The Emperors of Chocolate: Inside the Secret World of Hershey and Mars
by Joel Glenn Brenner
I bought The Emperors of Chocolate because my accounting teacher offered extra credit to any student that read it and wrote up a paper comparing and contrasting the business practices described in the book. I figured it would probably be pretty dull, but hey, chocolate’s cool so it couldn’t be that bad, right? I certainly didn’t expect this book to become one of the most interesting and entertaining reads of the year.
In the United States, the candy market is dominated by two companies: Mars Incorporated and The Hershey Company. You know Hershey as the maker of Kisses, Reese’s Peanut Butter Cups and Kit Kat Bars. Mars pops out M&Ms, Twix, Snickers and Milky Way bars. In 1999, when this book was written, their combined products dominated 75% of the candy rack. Mars is privately owned, and the Mars family puts great priority on protecting their privacy. With their top rival keeping mum on nearly everything, Hershey has also become intensely secretive, even though it’s a publically owned company. Reporter Joel Glenn Brenner spent over ten years on this book, interviewing former employees, combing through Hershey’s archives, and scoring an exclusive interview with elusive members of the Mars family.

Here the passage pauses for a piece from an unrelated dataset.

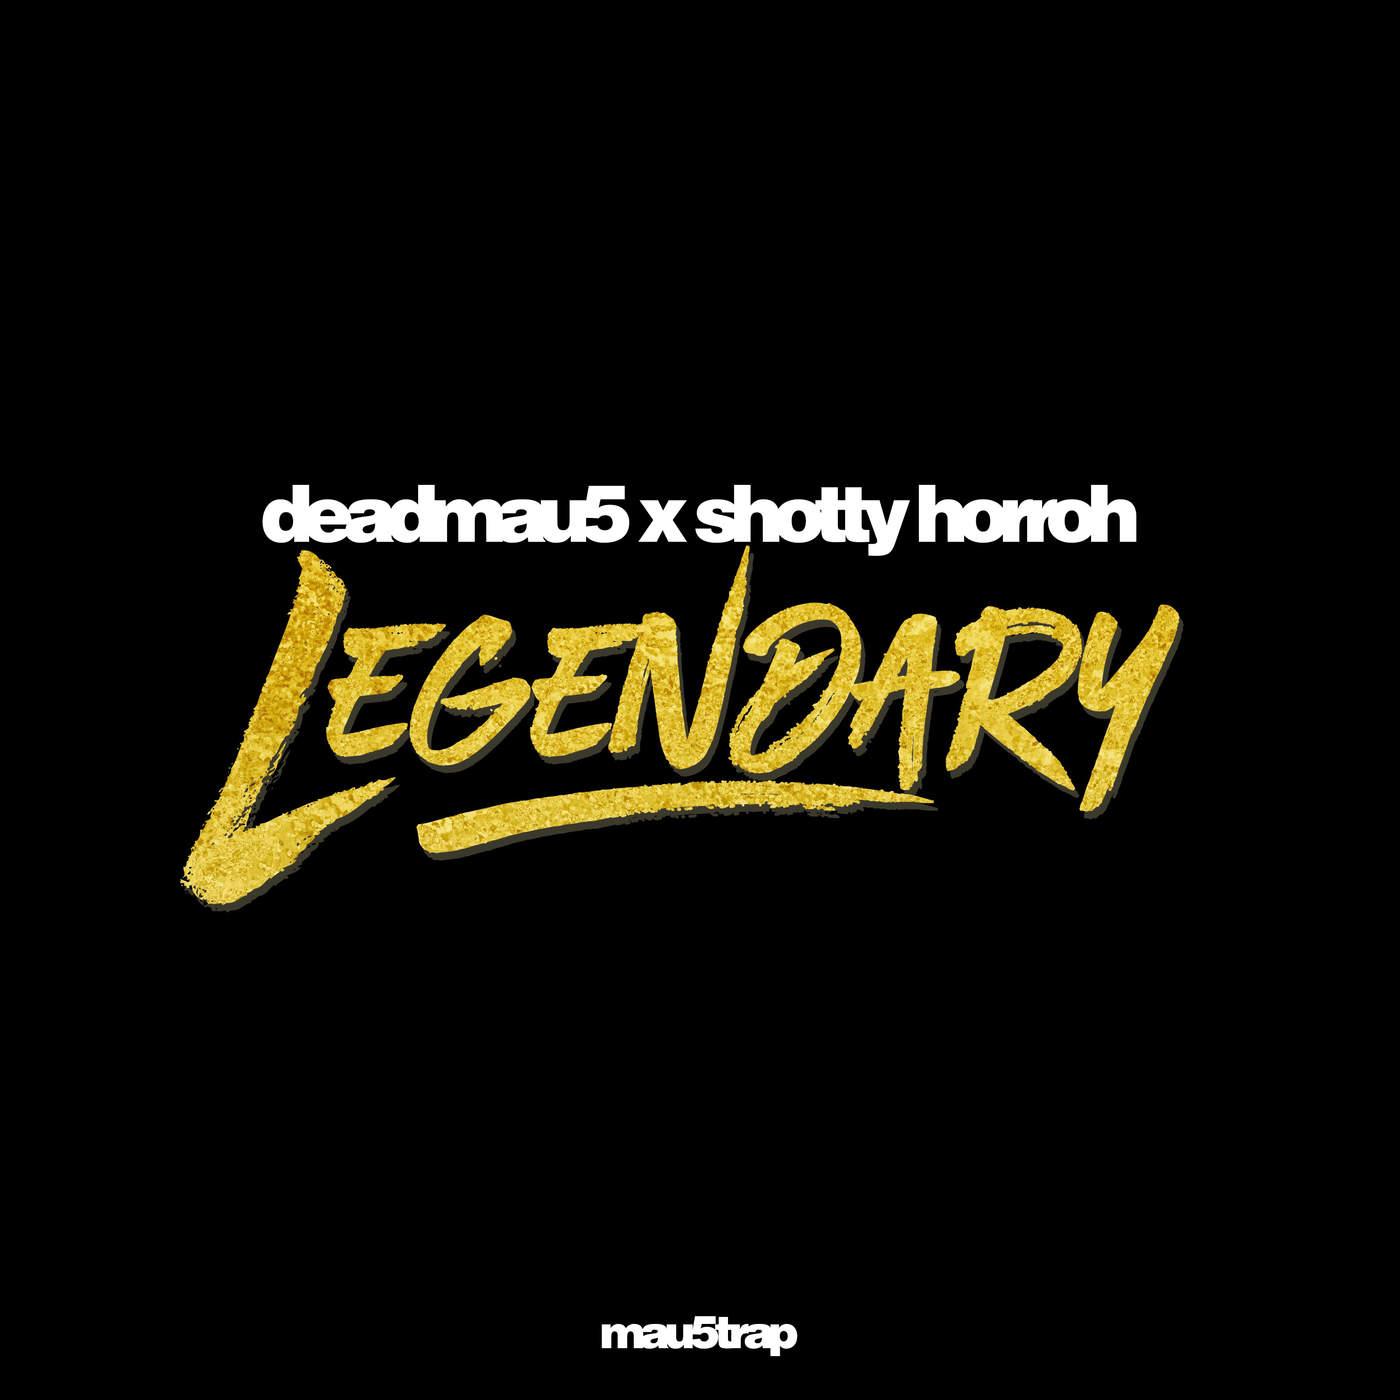 deadmau5 & Shotty Horroh - Legendary - Single
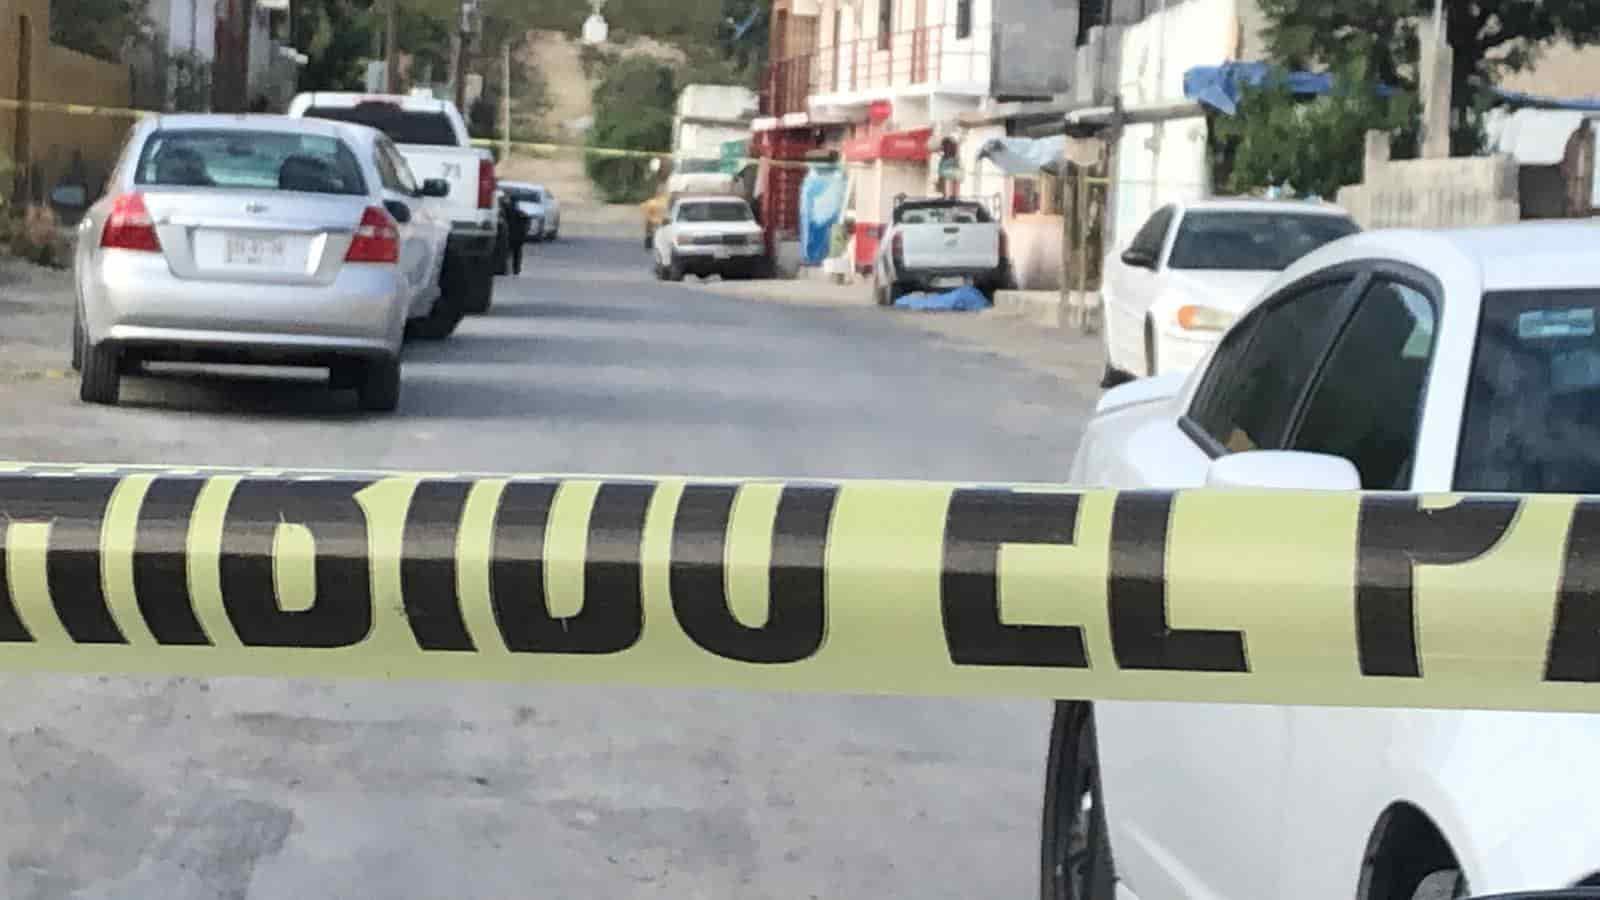 Dos personas sin vida y un lesionado dejó una agresión a balazos en un negocio

It’s a fascinating read. Brenner studies these two chocolate giants and their effect on all fronts, covering their history, marketing, economic impact, social goals, and their products. The book is as much about the chocolates and sweets as the people behind them. It was almost scary to learn just how big Mars is; in addition to the candy line, they also own Uncle Ben’s Rice and Pedigree Petfoods. Likewise, I had known that Hershey, Pennsylvania was where the Hershey factory was located, but I didn’t know that Milton Hershey had also founded and funded a school that provided board and education for disadvantaged youth which is still in operation today. That was pretty cool to learn.
Brenner does an excellent job peeling away the mythology of Willy Wonka and his magical chocolate factory. Marketed as a business book, The Emperors of Chocolate does spend a lot of time talking about the management styles of Hershey and Mars, number-crunching, and failed/successful marketing campaigns. But it’s never boring, even if you haven’t the least bit of interest in business, because the companies are dominated by the personality and goals of the founders, whose influence has not diminished over the years since their deaths.
So, y’know, if you like candy (and who doesn’t?) check this book out. Even though it’s over ten years old, The Emperors of Chocolate still provides a lot of insight into one of the most fascinating industries out there.